Au contraire, cette idée s’est rapidement effondrée. L’armée ukrainienne a prouvé qu’elle pouvait ralentir l’avancée des forces russes et, sinon les chasser complètement, du moins empêcher leur défaite, avec un soutien suffisant de l’Occident.
Mais près de trois ans plus tard, les perspectives sont à nouveau sombres. La Russie dépense d’énormes quantités d’armes et de vies humaines pour réaliser des gains territoriaux modestes mais constants sur près d’un cinquième du territoire ukrainien qu’elle contrôle déjà. L’Ukraine, quant à elle, s’efforce de minimiser ses pertes, de maintenir le moral et de convaincre ses alliés qu’avec une aide militaire accrue, elle peut inverser la tendance.

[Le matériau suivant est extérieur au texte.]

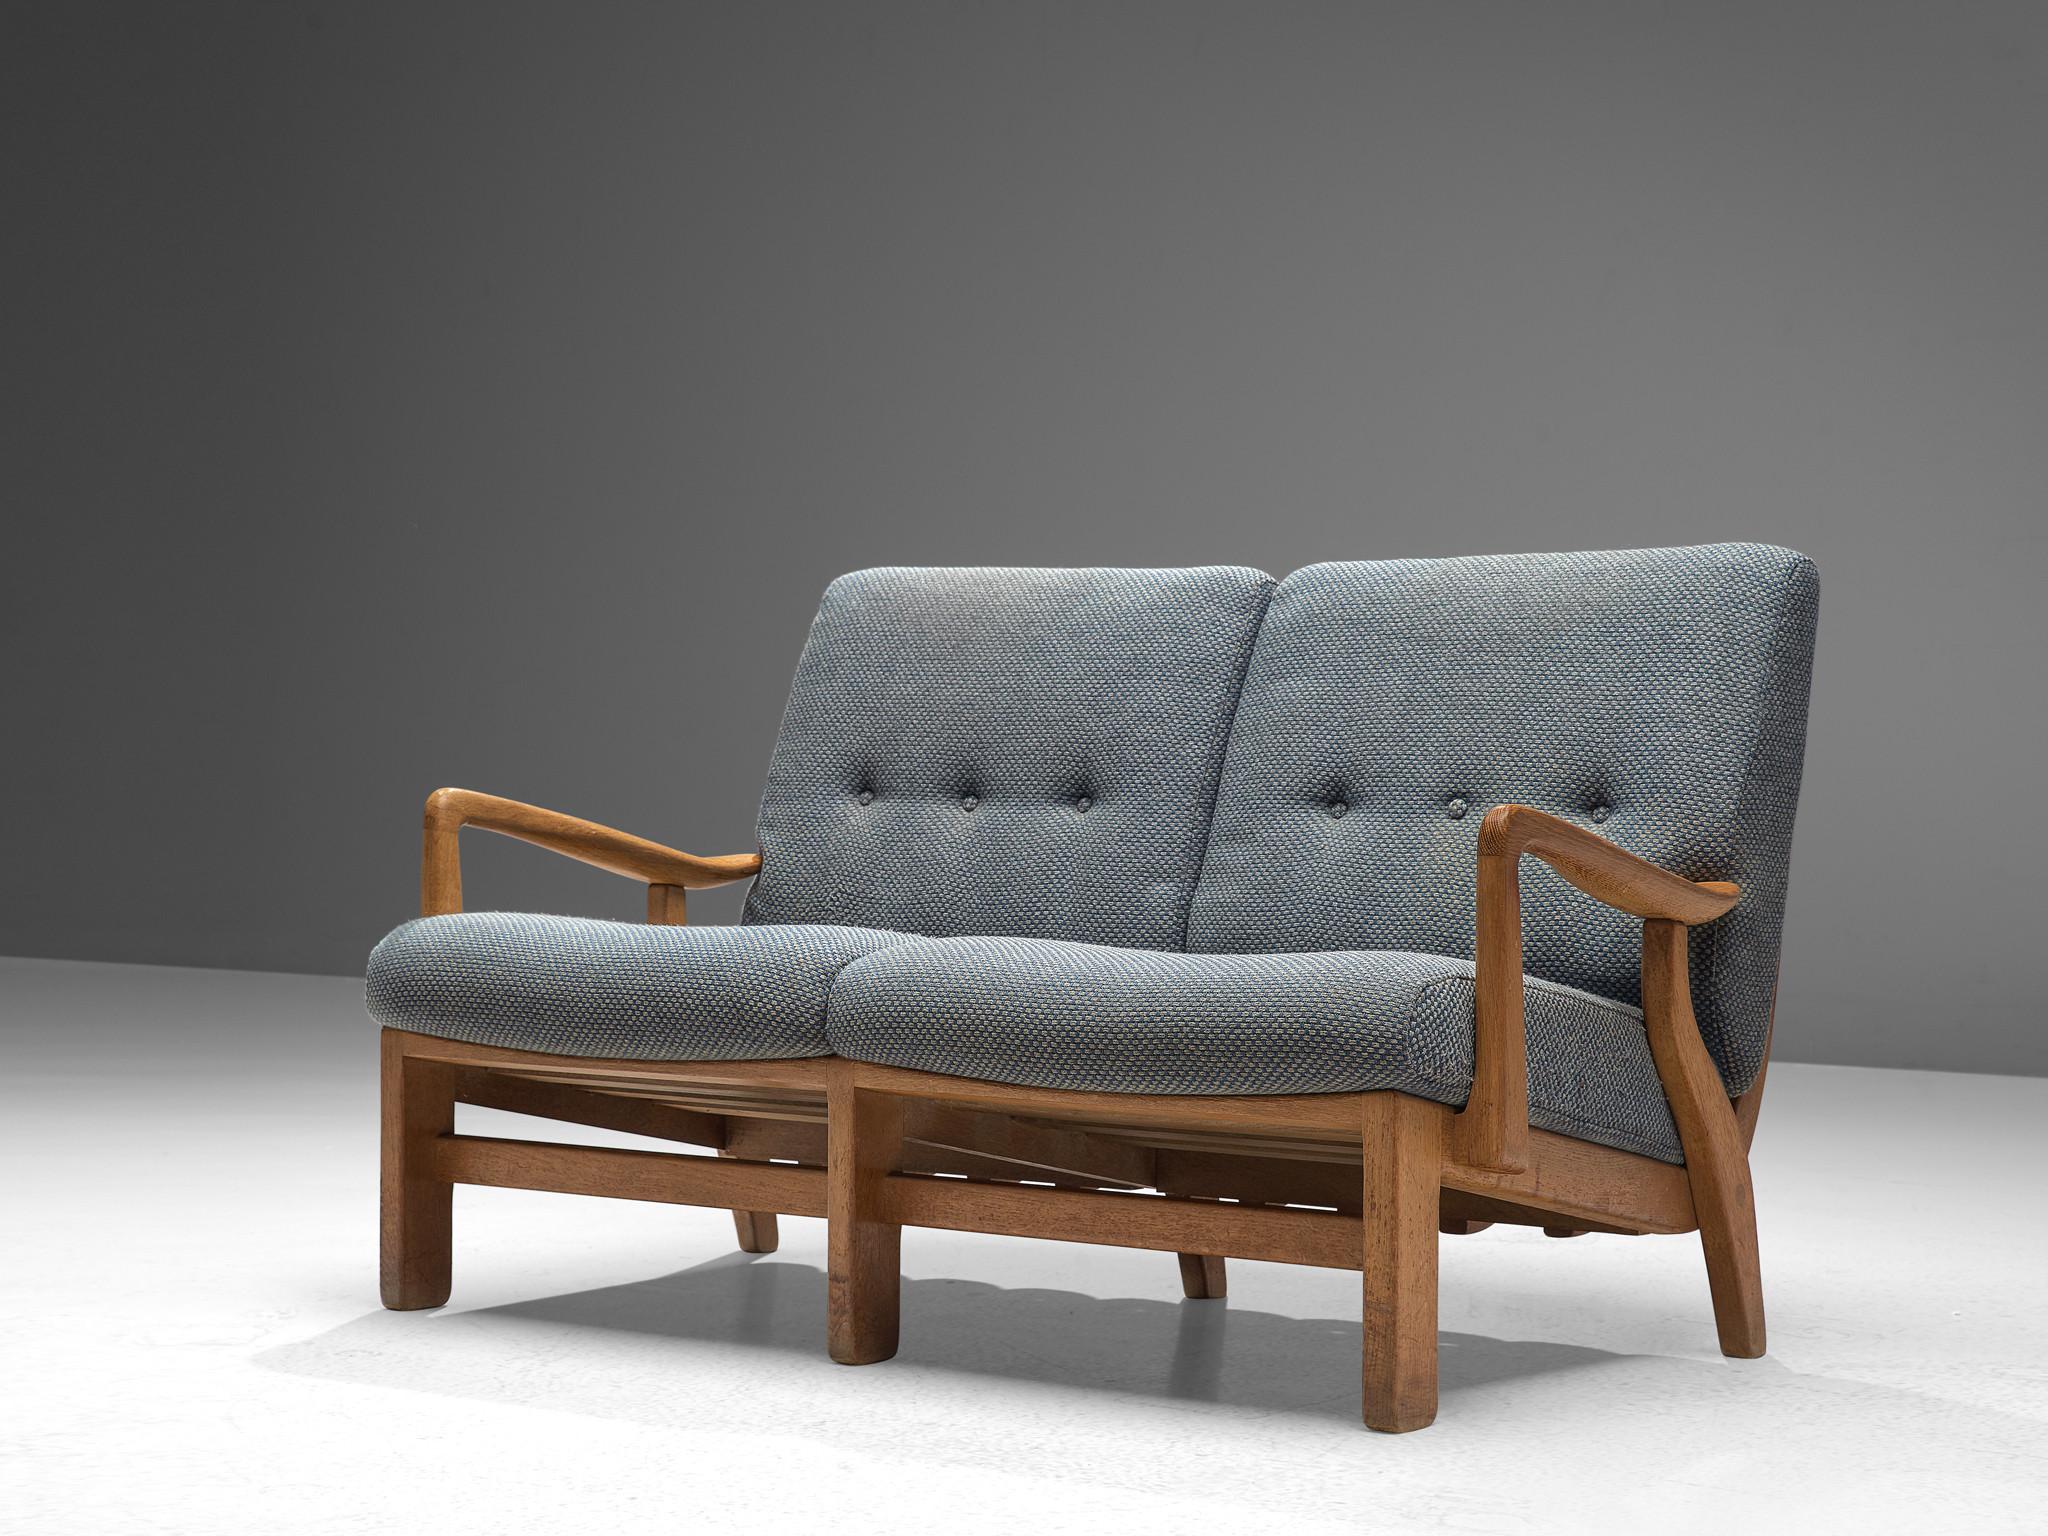 Guillerme & Chambron, sofa, oak, fabric, France, 1960s. 

Beautiful two-seat settee by Guillerme & Chambron, in solid oak. The back of the seat has been beautifully finished with wooden slats which adds an original and interesting character to the

Alors que cette brutale guerre d’usure approche de son millième jour, aucune des deux parties ne semble désireuse de négocier. Le président élu Donald Trump a déclaré qu’il pourrait mettre fin rapidement à la guerre, mais on ignore comment et en faveur de qui il pourrait faire pencher la balance.
Selon Phillips O’Brien, professeur d’études stratégiques à l’Université de St Andrews, en Écosse, c’est ce contexte qui semble guider la stratégie russe dans l’est de l’Ukraine. M. Trump pourrait tenter de mettre fin à la guerre en interrompant les livraisons d’armes à l’Ukraine.
“Si Trump coupe l’aide à l’Ukraine et que le cessez-le-feu aboutit à un conflit gelé, la Russie veut sécuriser autant de territoire qu’elle le peut maintenant”, a déclaré O’Brien.
Pour l’Ukraine, la clé de tout cessez-le-feu serait de garantir de la part de l’Occident qu’il ne permettra pas à la Russie d’envahir à nouveau le pays à l’avenir. Dans le cas contraire, selon M. O’Brien, « un cessez-le-feu est une recette pour une instabilité continue en Europe ».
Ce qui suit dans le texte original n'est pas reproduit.